吳奎哭夠了,決心也已下定。他長出一口氣,點著頭說:“我承認,事情是我乾的。”

“這麼說你承認製造了一起爆炸案?”“是的。”“你把詳細情況講述一遍。”

編這段故事已經很容易了。甚至連炸藥哪裡來的也想好了。吳奎曾在石礦幹過一年,做過點炮手,他不僅會自制ZY裝置,還曾經私自截留過幾枚*。警察要證實這一點並不困難。

等吳奎說完時,他看到三個審訊員都鬆了一口氣。其中一個還給了他一杯水。然後送他到一間屋子裡睡覺。

可此時吳奎哪裡還睡得著。他腦子裡糾結著好多個問題:一是姚百仁娘情況怎麼樣,她不會有生命危險吧?二是自己把罪行攬在身上,會被判什麼樣的刑?三是姚百仁是不是得知老家屋子被炸了,有沒有露面?四是姚百仁會在過年前給工人們發放拖欠的工錢嗎……

只有一點他是清楚的,既然把罪認下來,那麼他進監獄是毫無疑問的了。

最後他一抹眼淚,自言自語說:“算了吧吳奎,這就是你的命。認了吧。”

接下來一連被審訊了多次。過了半個月,檢察院就來人,當面核實他的口供。檢察官問道:“你確定你所供述的罪行完全是事實嗎?”“是事實。”“有沒有其他外在因素,比如逼迫,引誘,誤導等情況存在?”“沒有。”

檢察官是個跟他差不多年紀的女人。她嘆息一聲說:“作為被拖欠薪酬的農民工,你是值得同情的。但你當時太沖動了,為什麼要用炸藥去炸他家的房子呢。”

吳奎趁機試探地問:“同志,你看我這罪,會被判幾年?”檢察官介紹爆炸罪的最高量刑是死刑。“當然這個要看受害者的傷情,如果她不治而亡,那你危險了。”

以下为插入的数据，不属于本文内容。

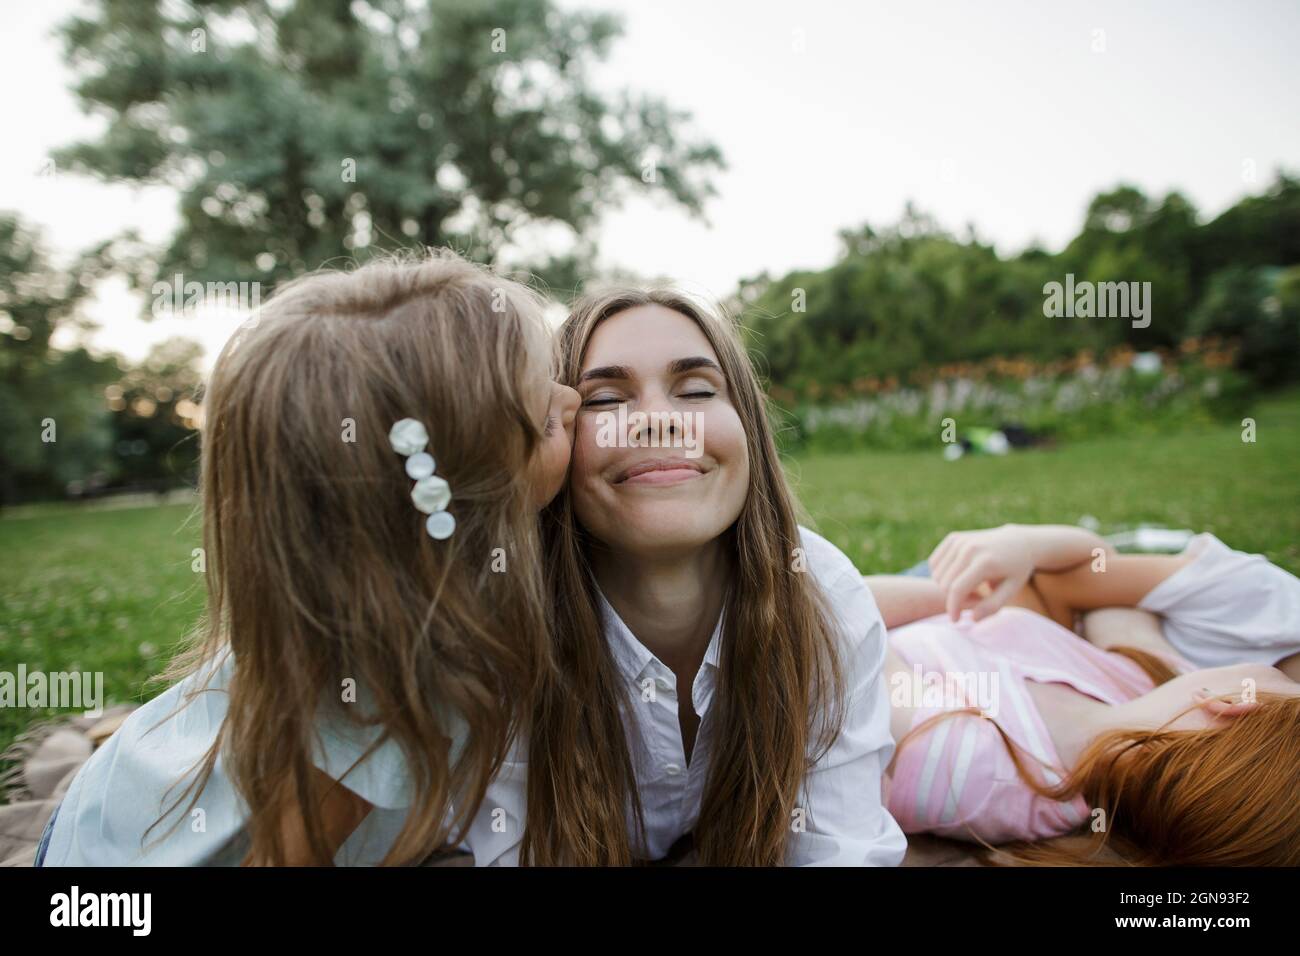 Girl kissing mother at public park Stock Photo

死刑兩字,像雷一樣炸響在吳奎耳中,霎時感到一陣暈眩。就這麼被押到刑場上,砰地一槍給崩了?三十出頭命喪黃泉。最要緊的是替他人去死,值得嗎?

吳奎思前想後,最後還是咬咬牙,默認了。

不久法院的人來跟他見面。法官再次詢問對卷宗中所寫的材料有無異議。吳奎表示完全認同。